加里奥只能依稀看到,北方野蛮人的阵线在远处集结。虽然在这半梦半醒的状态下,他所有的感官都很迟钝,但他依然能看得出来,这群野蛮人自由散漫、毫无章法。他们大大咧咧地左摇右晃,迫不及待地要与德玛西亚人一较高下。加里奥经常听人谈起这些野人,他们最近屡屡得胜,搞得城里的人们惊惶地交头接耳,说弗雷尔卓德的军队从来都不留活口,还会把敌人的头割下来插在怪兽的巨型獠牙上……
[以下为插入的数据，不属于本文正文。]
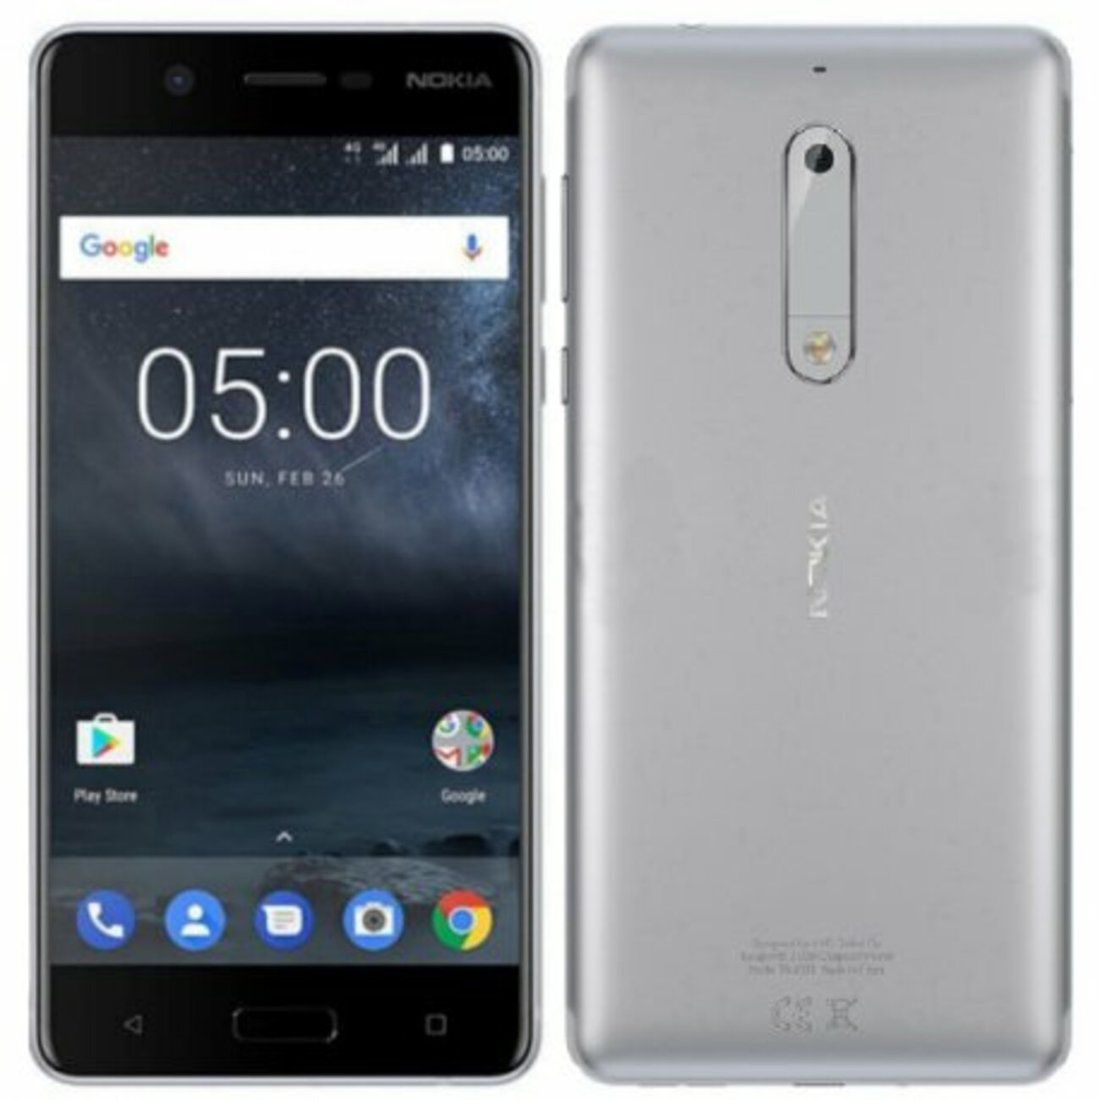 Smartphone Nokia 5 2GB Ram Tela 5.2 16GB Camera 13MP - Prata  - PAGDEPOIS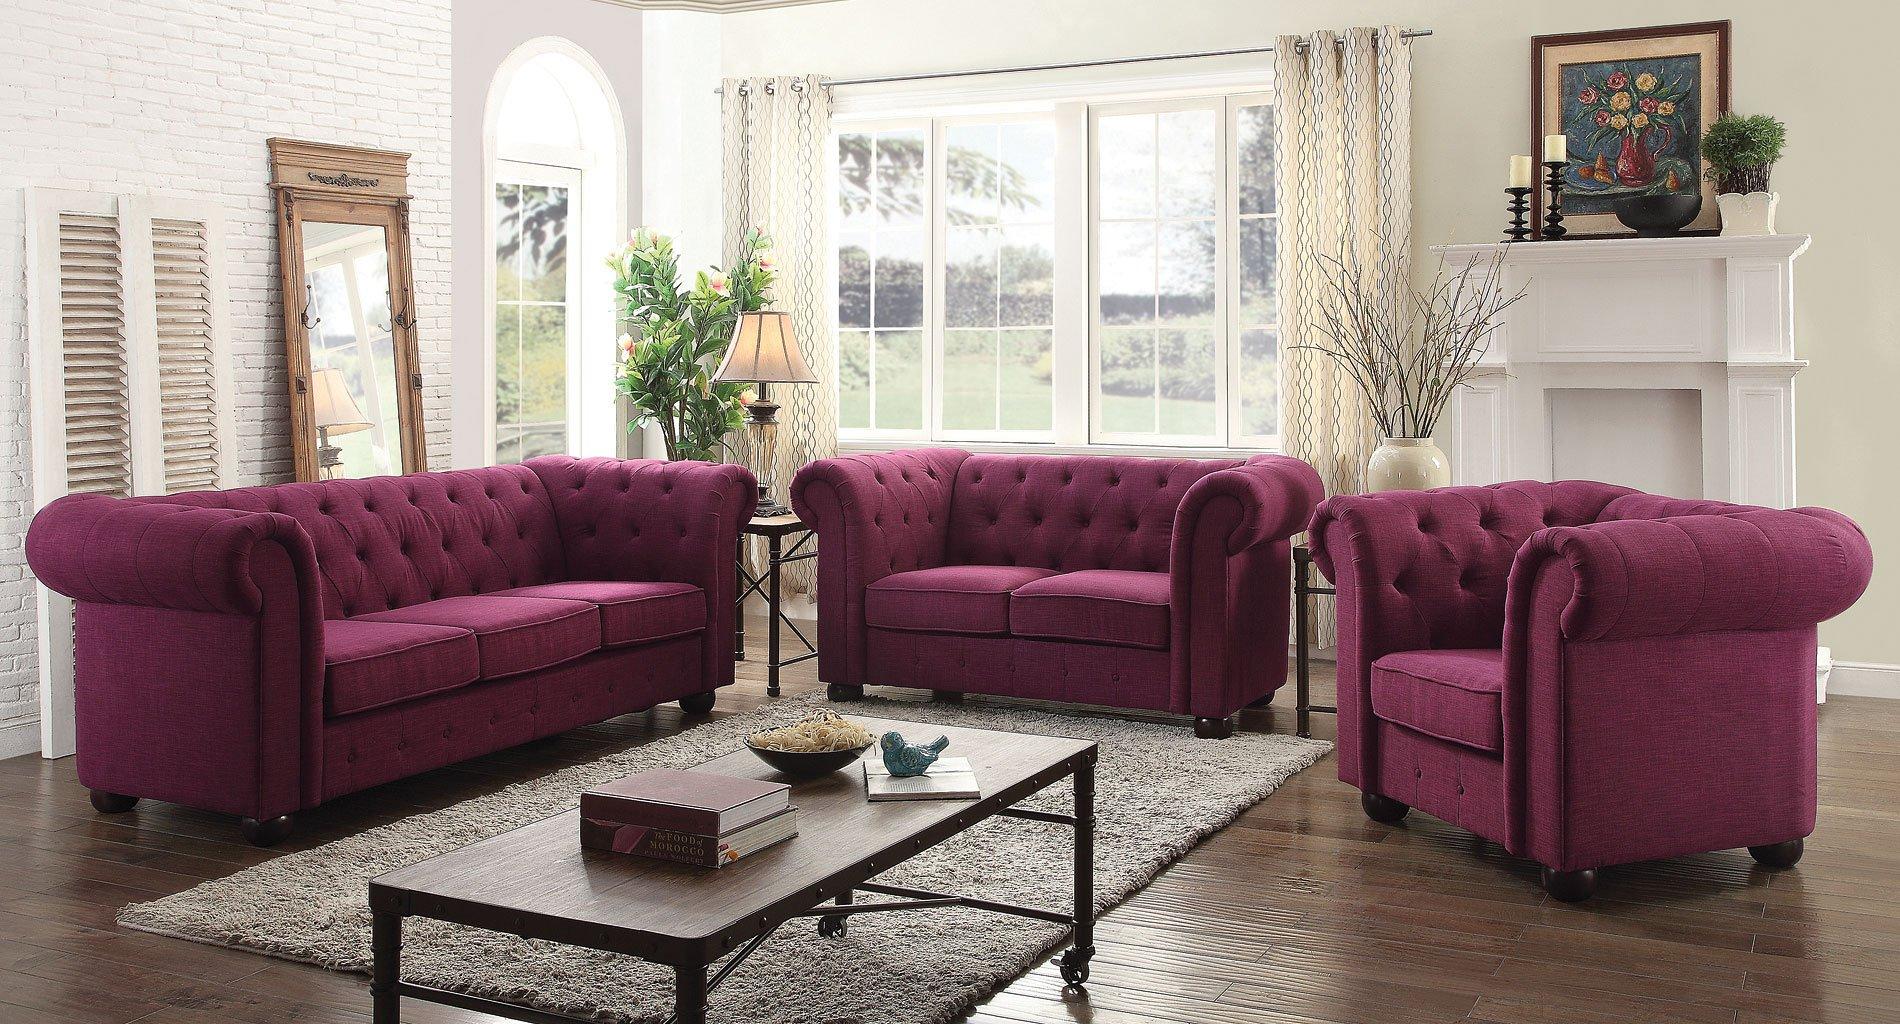 G498 tufted living room set berry

但在巨像的眼里,他对野蛮人一点兴趣也没有。因为他看到了更大的目标——一个雄伟的身影,几乎和小山一样高。它来势汹汹,身躯伴着步伐高低起伏,犹如汹涌的巨浪,想要一鼓作气冲上滩头,横扫一切。
那是什么东西?加里奥满心欢喜。真希望它是来打架的。
在他脚下,德玛西亚官兵正在整齐划一地行军,齐声唱着一首军歌。歌声里洋溢着必胜的信心,足以让人排除杂念,专心战斗。但这首军歌加里奥已经听过太多次了,他知道,这一次的合唱里少了些确定,多了些犹豫。
他们不太愿意面对这只巨兽。那就让我来替他们面对!
加里奥充满了强烈的渴望,他想把大家拢进自己怀里,告诉他们一切都会没事的,因为他会冲在最前面,将一整支来犯的军队赶出边境。但他却无能为力。他的双手、双脚、指尖,全都冰冷僵硬,和最初雕刻他的石头没什么两样。他需要催化剂,需要某种强大的魔法,才能打破这清醒的睡梦。
我希望这一次有法师,他看着远方的地平线,心里默默地想。通常都没有法师。我不喜欢没有法师的战斗。
他的担忧又加深了一层,因为他听到了拖着他前进的公牛发出了疲惫的鼻息。公牛有好几十头,但每走一里地就要换一批新的。有那么一瞬间,加里奥觉得它们全都会累倒在地,把自己留在德玛西亚边境的荒山野岭,无法参加人类的狂欢。
他的心悬了一路,最后终于抵达了战场的边缘。他知道这一战之前不会有任何谈判,因为这群野蛮人不可能投降。加里奥听到金属摩擦的声音,那是他脚下的人类战友正在把盾牌锁在一起,组成一道钢铁的盾墙。但他知道,无论野蛮人带来的那头巨兽是什么东西,它都能轻易地突破德玛西亚人的防线。
一转眼,两军前锋短兵相接,肢体、钢铁、锋刃留下模糊的残影。加里奥听见了刀剑交锋的嘶鸣,还有战斧劈中盾牌的闷响。交战双方都不断有人倒在血泊泥潭中一命呜呼。曾经勇猛嘹亮的吼声现在就像是幼儿不见了母亲的啼哭。
石巨人的仁爱之心开始颤抖。然而他依然无法摆脱石化的状态。
突然,一抹耀眼的紫色在混战中烧出了一道口子,数十名德玛西亚士兵立刻跪倒在地。加里奥感受到了——在他的指尖荡漾起久违的酥麻,就像是正午的烈日温暖了冰冷的玉石。他差点儿就能轻微地动一动手指了……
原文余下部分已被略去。